In early June of this year, WillScot Holdings Corporation (the “Company”) elected to relocate the responsibilities of the principal accounting officer from Baltimore, Maryland to its headquarters in Phoenix, Arizona. Relatedly, on July 19, 2025, it entered into a Separation and Release Agreement (the “Agreement”) with Sally Shanks, who is based in Baltimore and currently serving as the Company’s current Chief Accounting Officer. The Agreement supersedes Ms. Shanks’s employment offer letter dated as of March 18, 2019.
Under the Agreement, Ms. Shanks is expected to continue to serve as Chief Accounting Officer until August 15, 2025 (the “Separation Date”). Upon her Separation Date and consistent with Ms. Shanks’s employment offer letter, the Company will (i) pay the severance and provide the benefits consistent with a good reason leaver and (ii) provide continued vesting of Ms.

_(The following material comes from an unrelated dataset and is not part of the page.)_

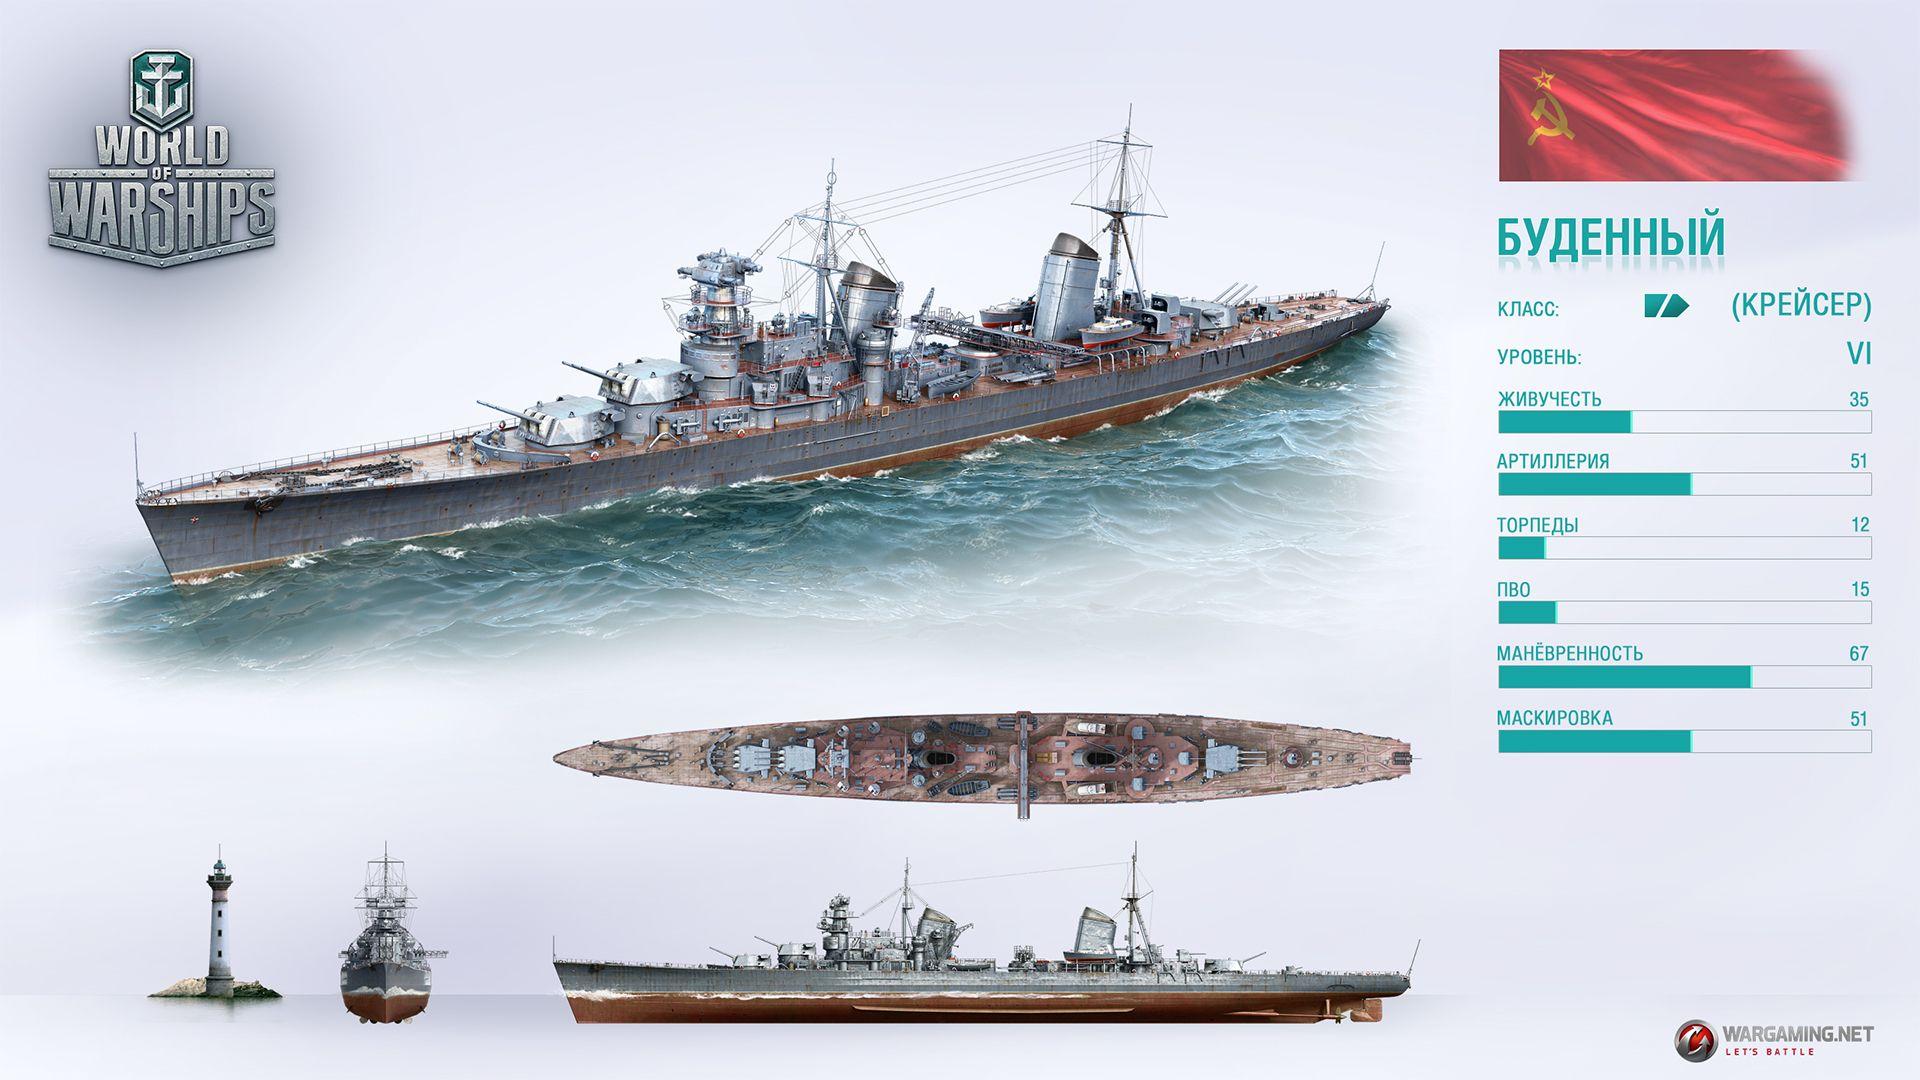 medium resolution of budyonny class cruisers russia naval history pinterest nelson class battleship battleship in ww2 russian diagram

Shanks’s outstanding equity awards through May 15, 2026.
Item 9.01. Financial Statements and Exhibits
(d) Exhibits
Exhibit No. | Exhibit Description | |
104 | Cover Page Interactive Data File (embedded within the Inline XBRL document) |
SIGNATURES
Pursuant to the requirements of the Securities Exchange Act of 1934, the registrant has duly caused this report to be signed on its behalf by the undersigned hereunto duly authorized.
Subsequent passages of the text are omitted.